WHAT IS BEING ASKED —
Below is a listing. Write out exactly its lines between the one holding "Что означает татуировка" and the one holding "Beton Pumpsystem - Beton", inclusive.

EXCERPTED RECORDS —
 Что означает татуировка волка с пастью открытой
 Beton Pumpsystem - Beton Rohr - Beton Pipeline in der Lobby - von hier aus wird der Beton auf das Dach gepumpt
...
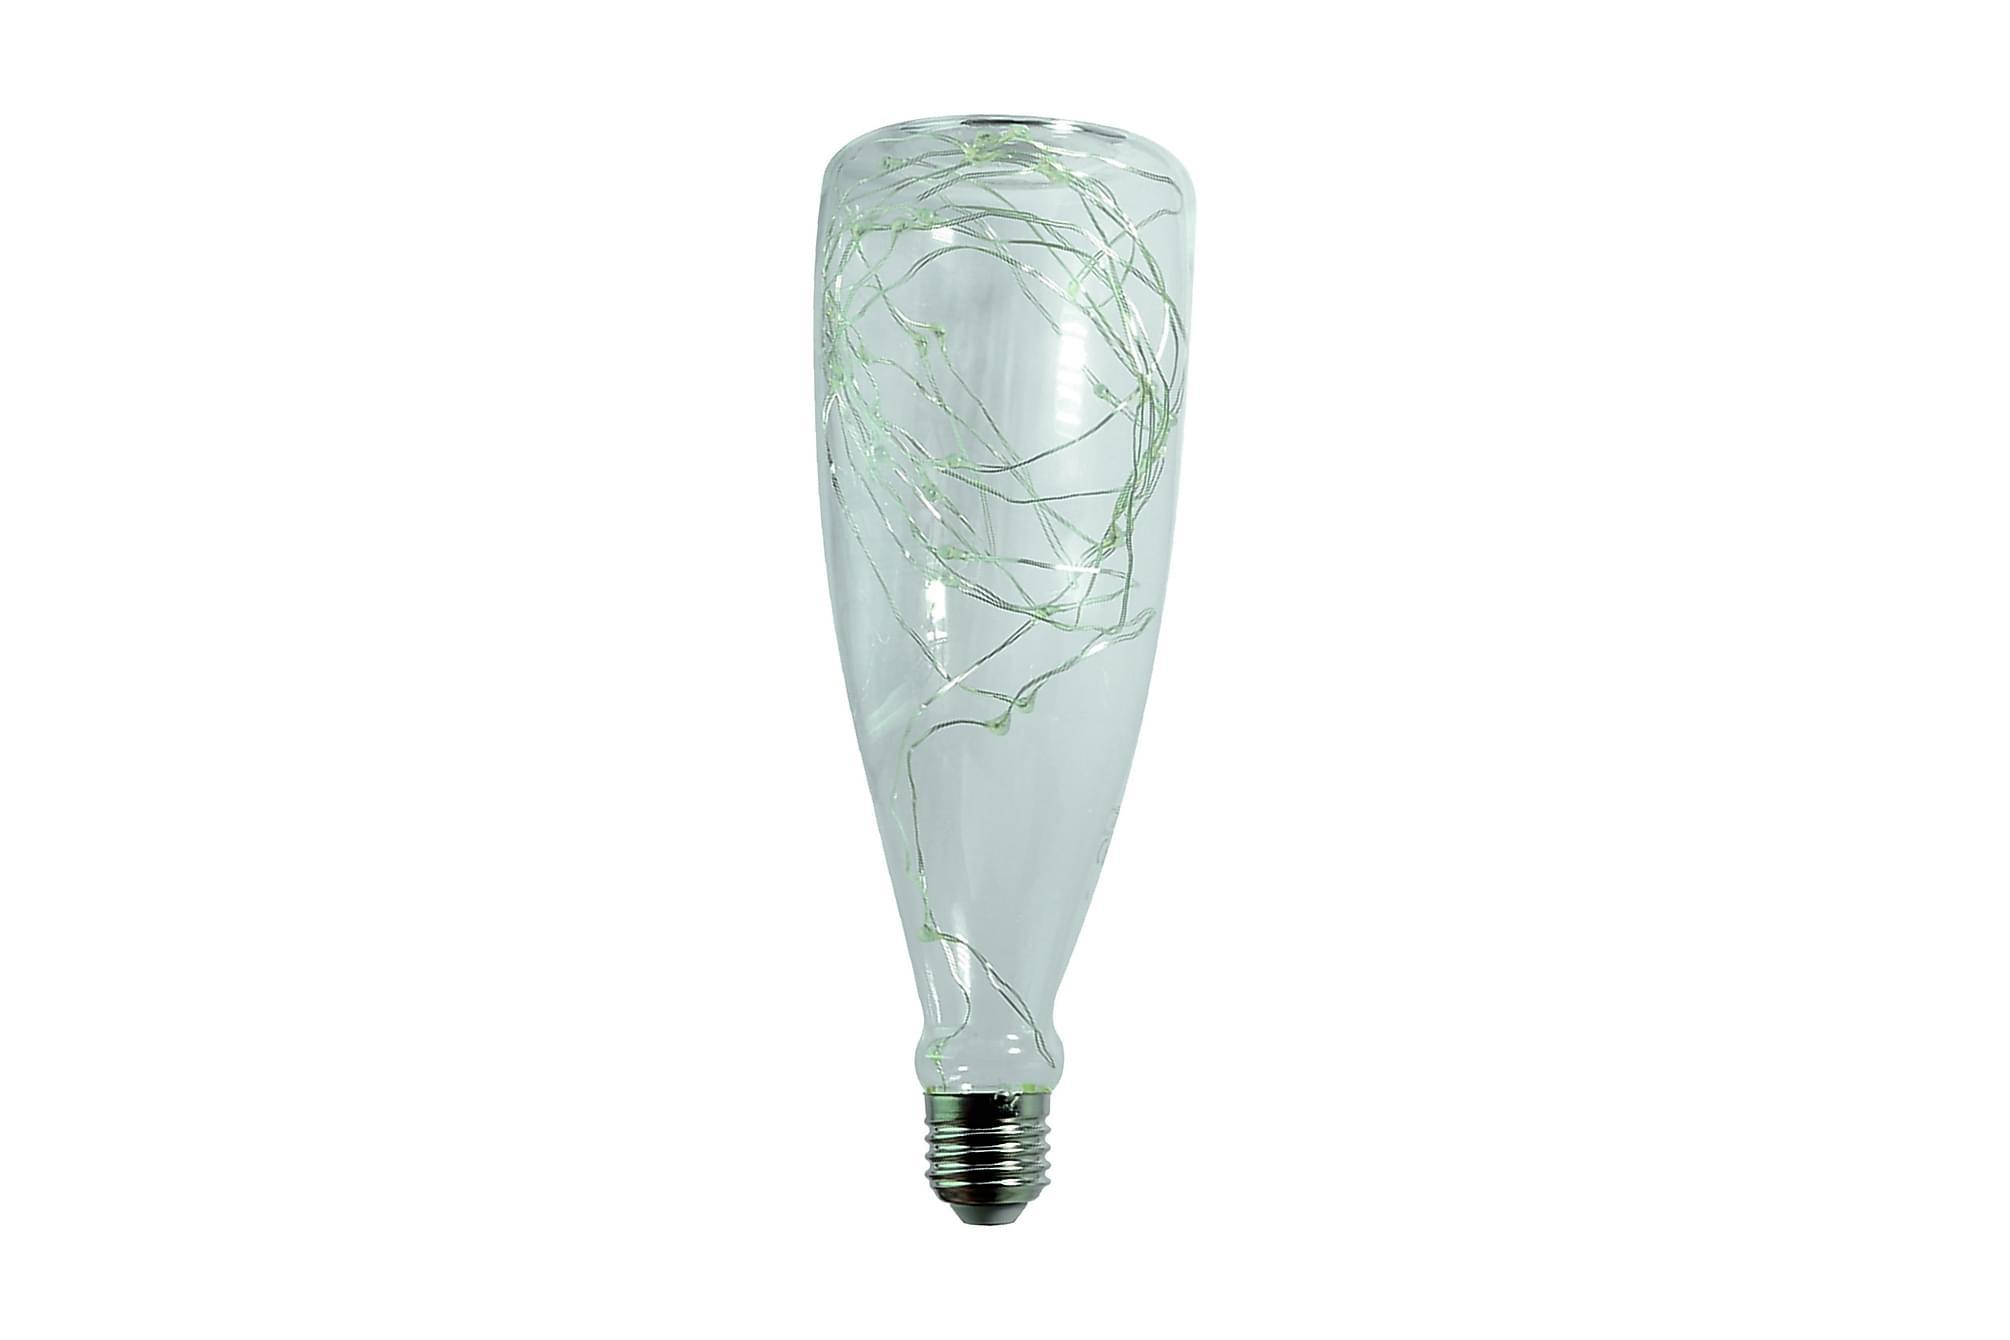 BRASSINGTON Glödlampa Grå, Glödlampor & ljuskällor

YOUR RESPONSE —
 Что означает татуировка волка с пастью открытой
 Beton Pumpsystem - Beton Rohr - Beton Pipeline in der Lobby - von hier aus wird der Beton auf das Dach gepumpt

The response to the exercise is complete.